What the task requires is an exact printout of the listing below, pictures excluded.

━━━━━ Given material ━━━━━

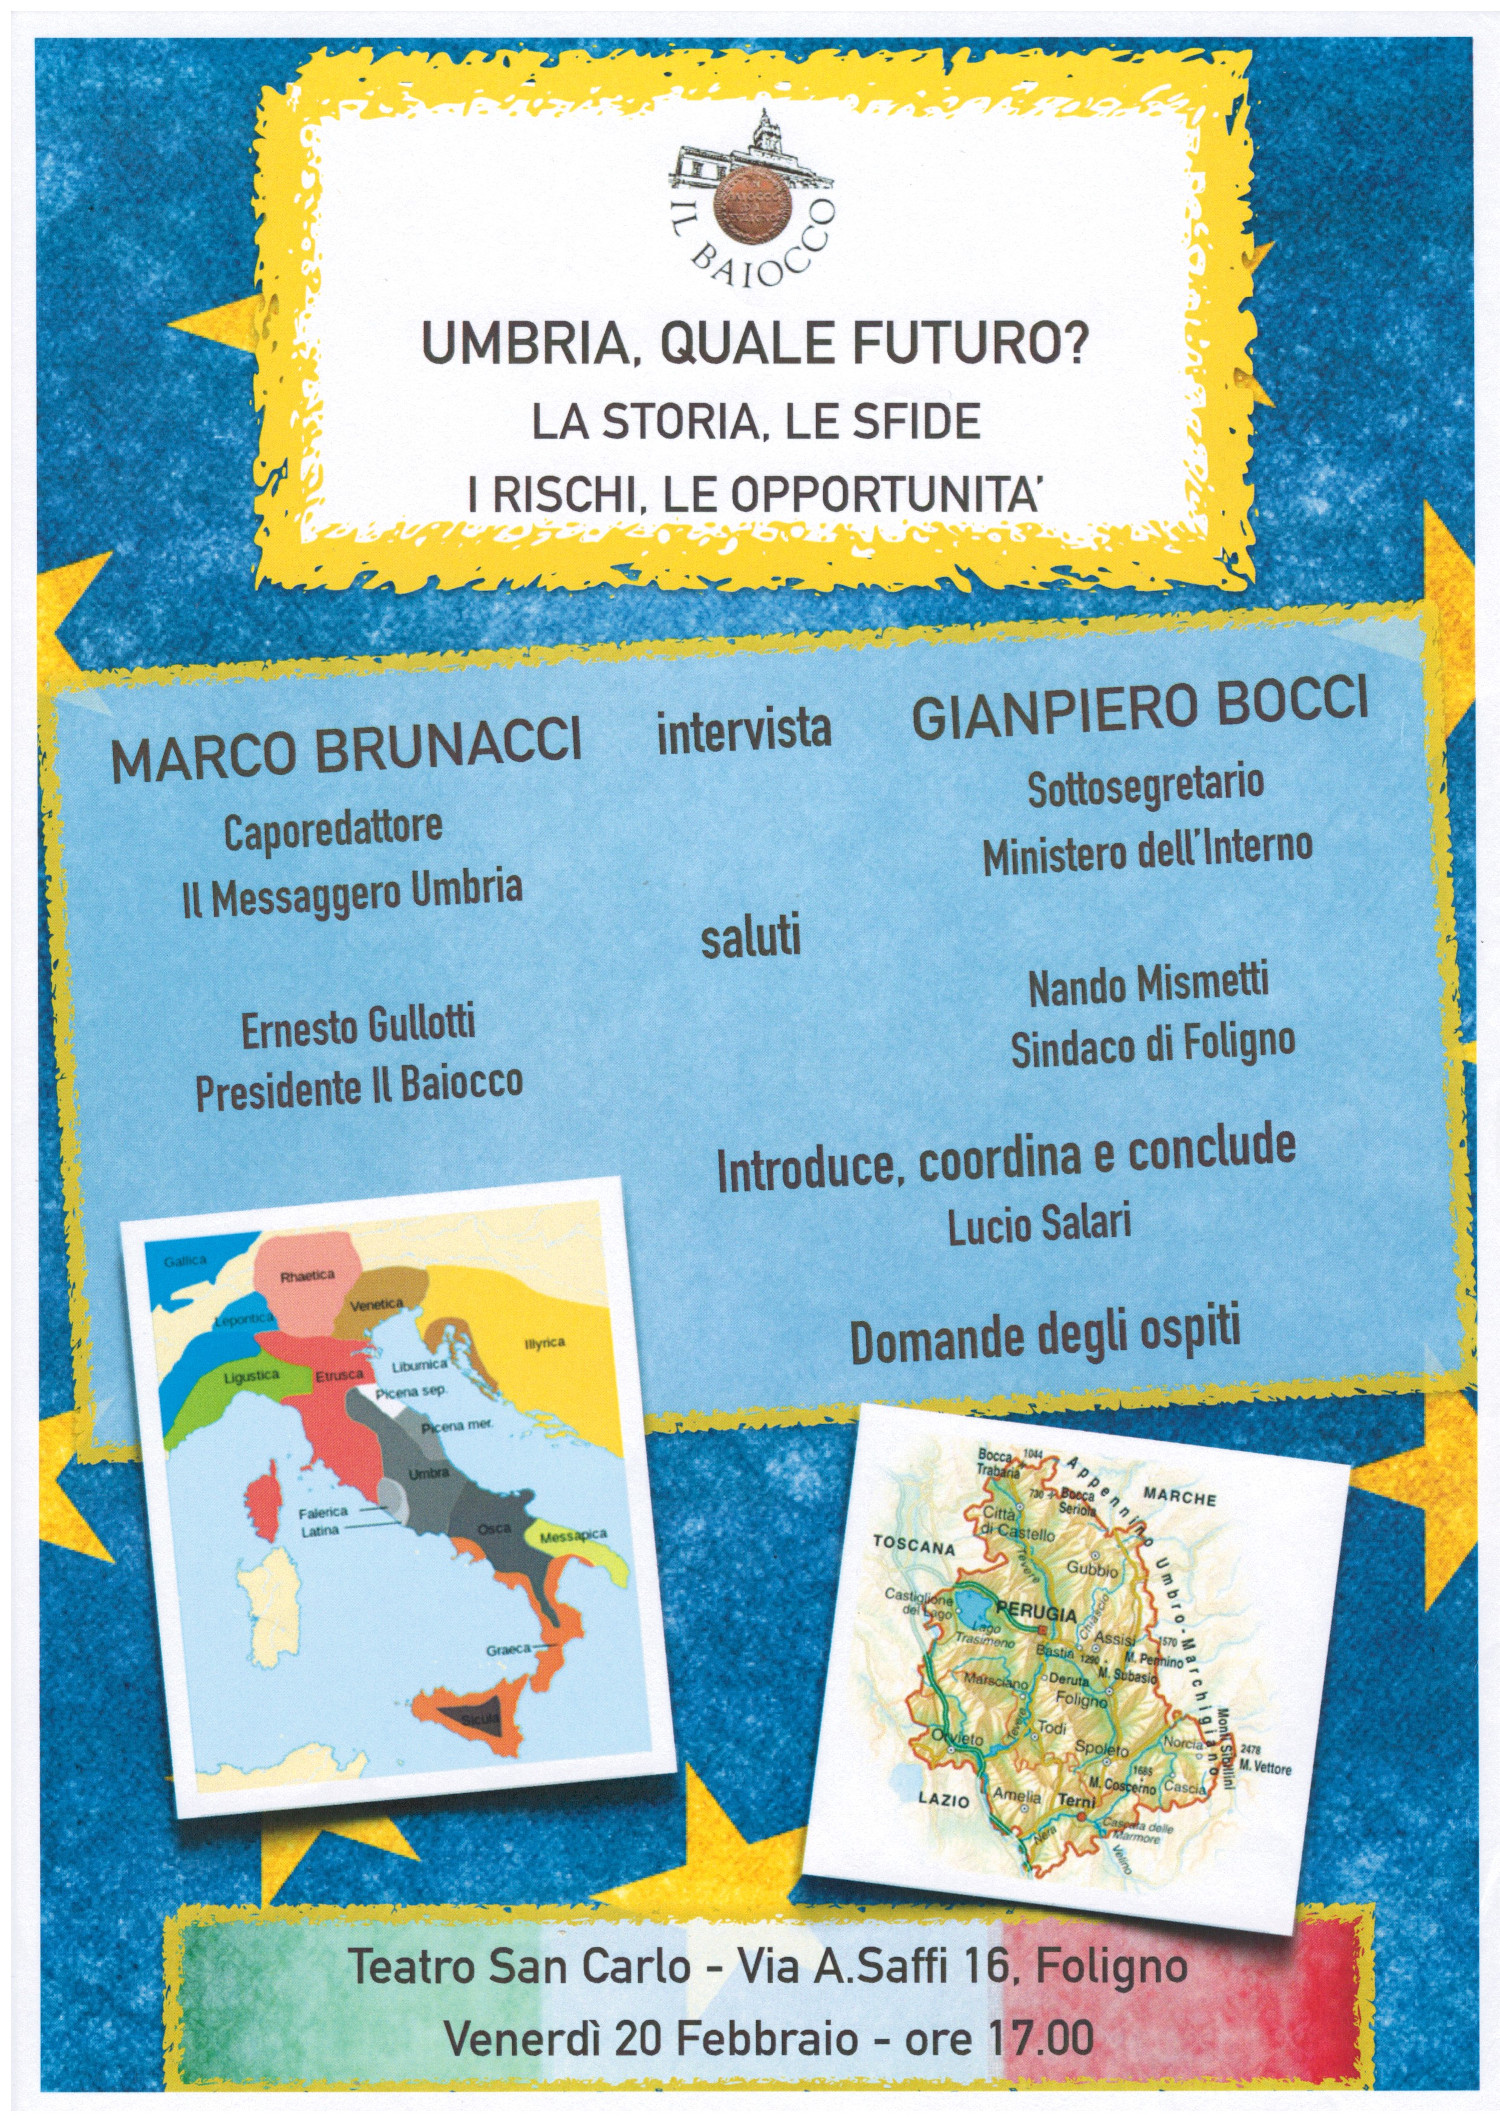 Evento 11 - 20 02 2015 - Umbria, quale futuro?
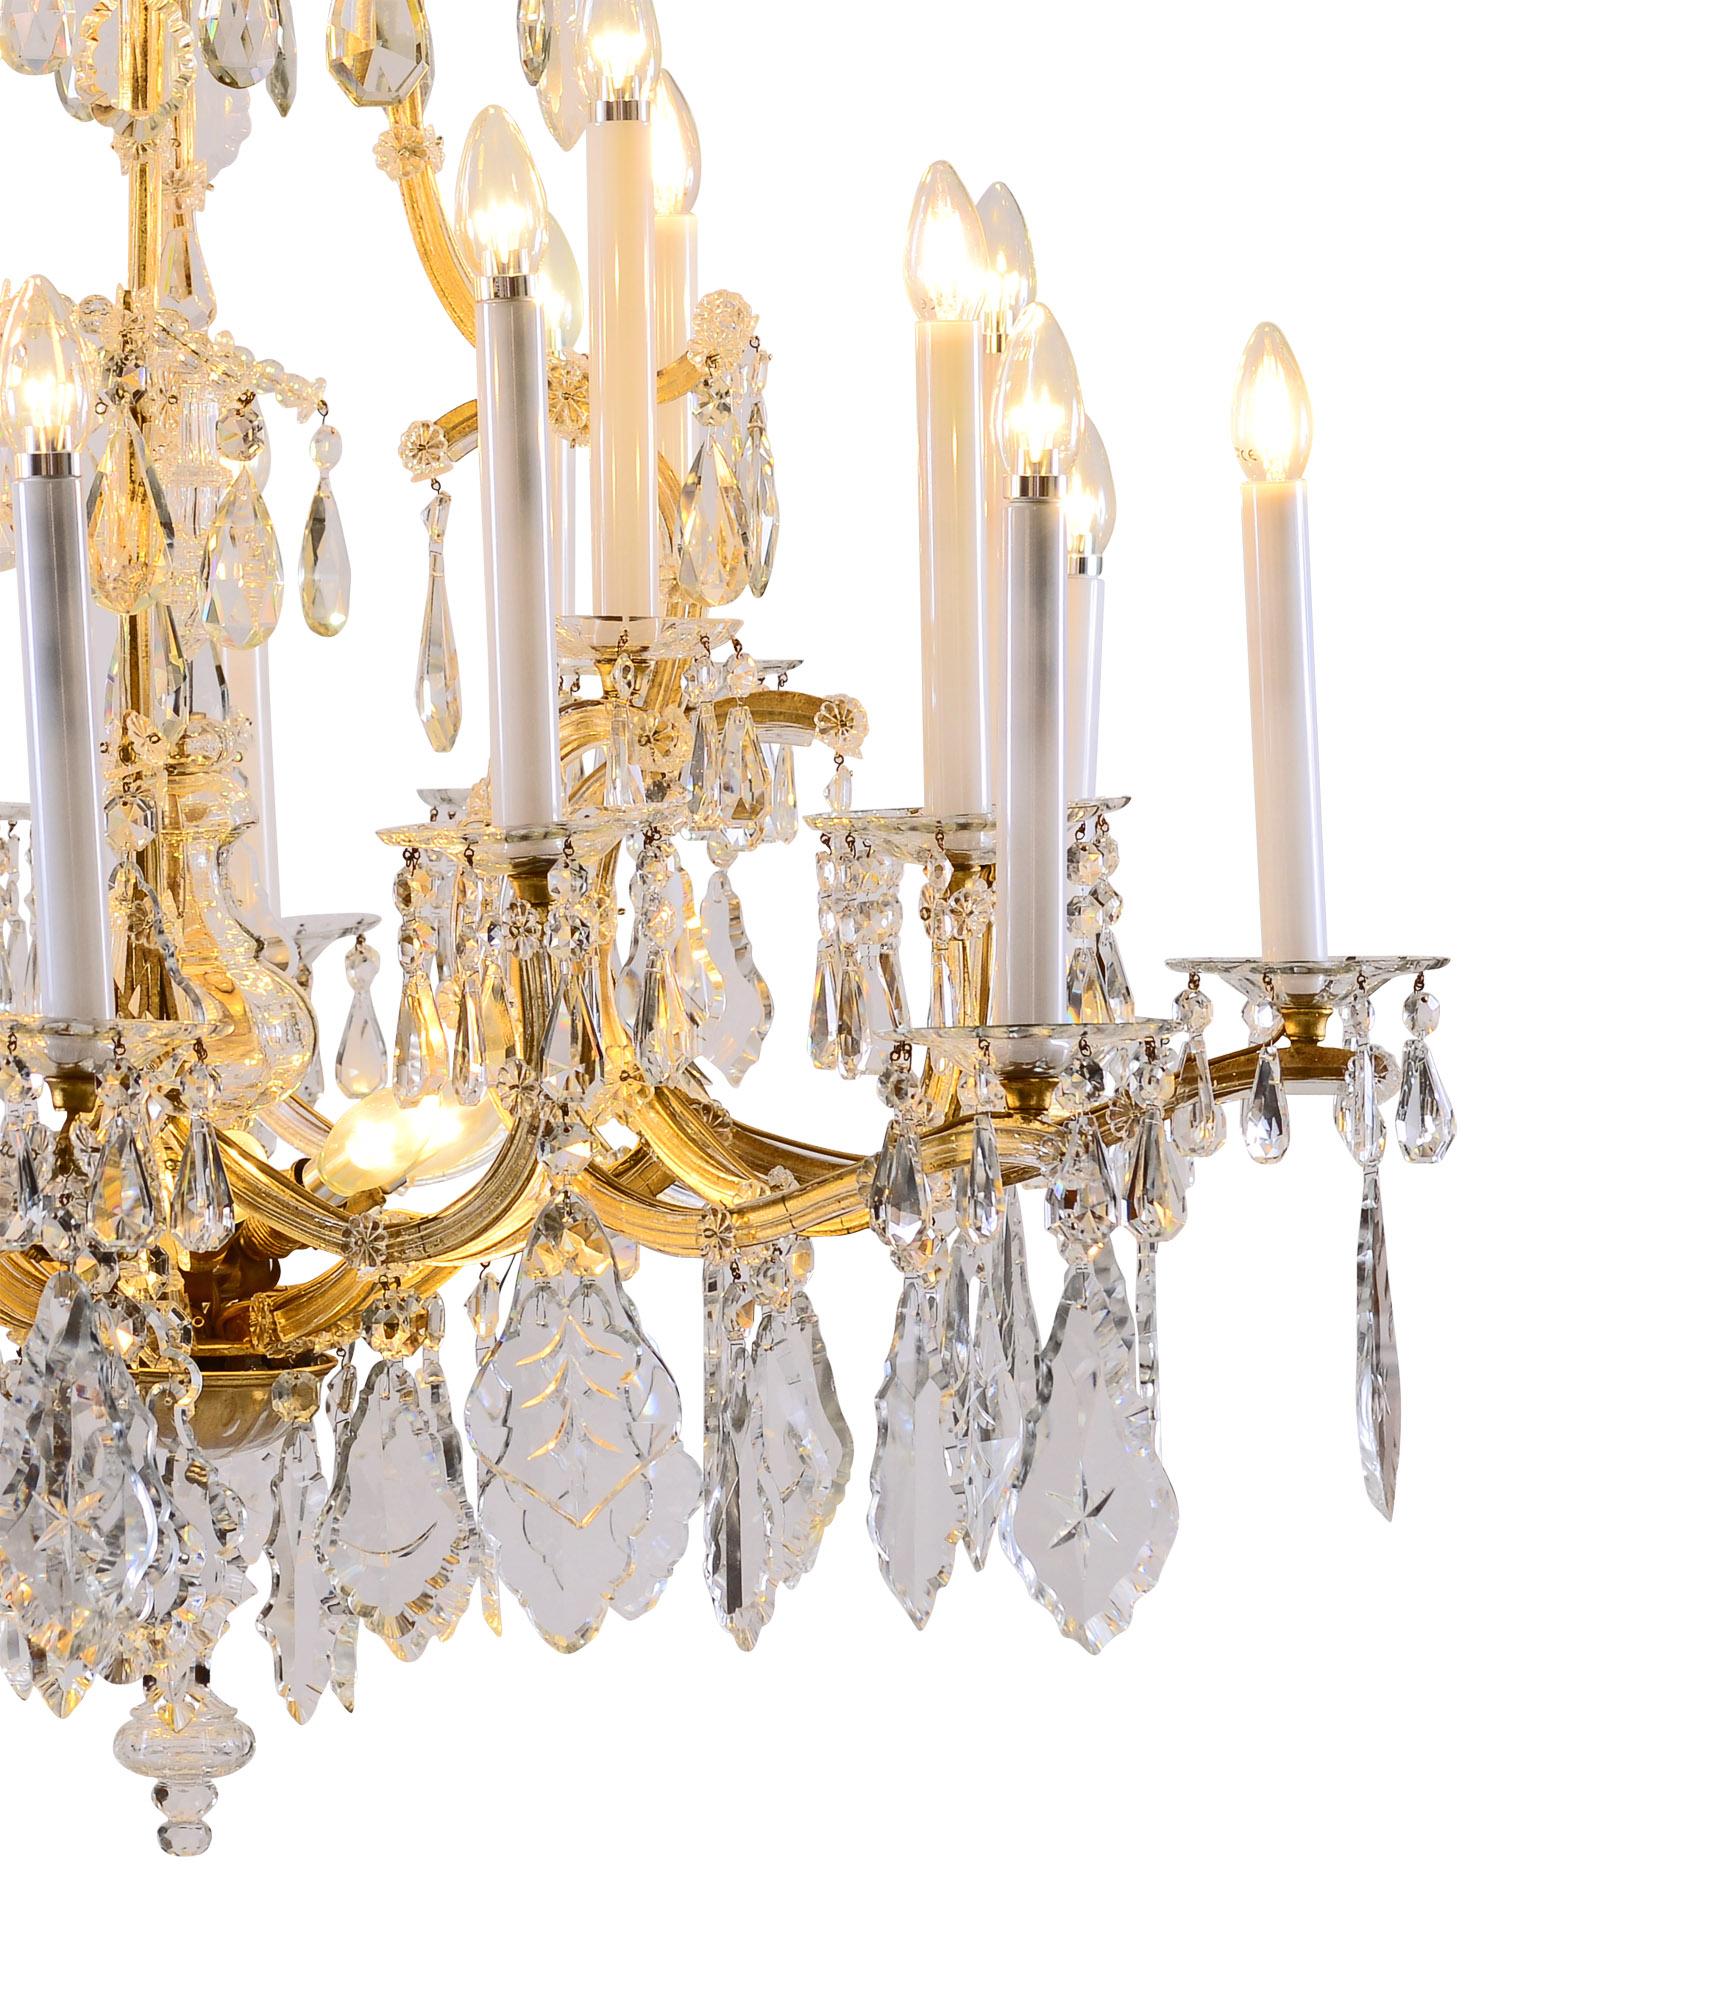 Très grand lustre Marie-Thérèse avec 28 bougies matériel cadre métallique avec décoration balustre au centre, richement décoré de prisme en verre.
Ce chandelier est en parfait état et convient pour les États-Unis. 
 

━━━━━

Output for this exercise>
 Evento 11 - 20 02 2015 - Umbria, quale futuro?
 Très grand lustre Marie-Thérèse avec 28 bougies matériel cadre métallique avec décoration balustre au centre, richement décoré de prisme en verre.
Ce chandelier est en parfait état et convient pour les États-Unis. 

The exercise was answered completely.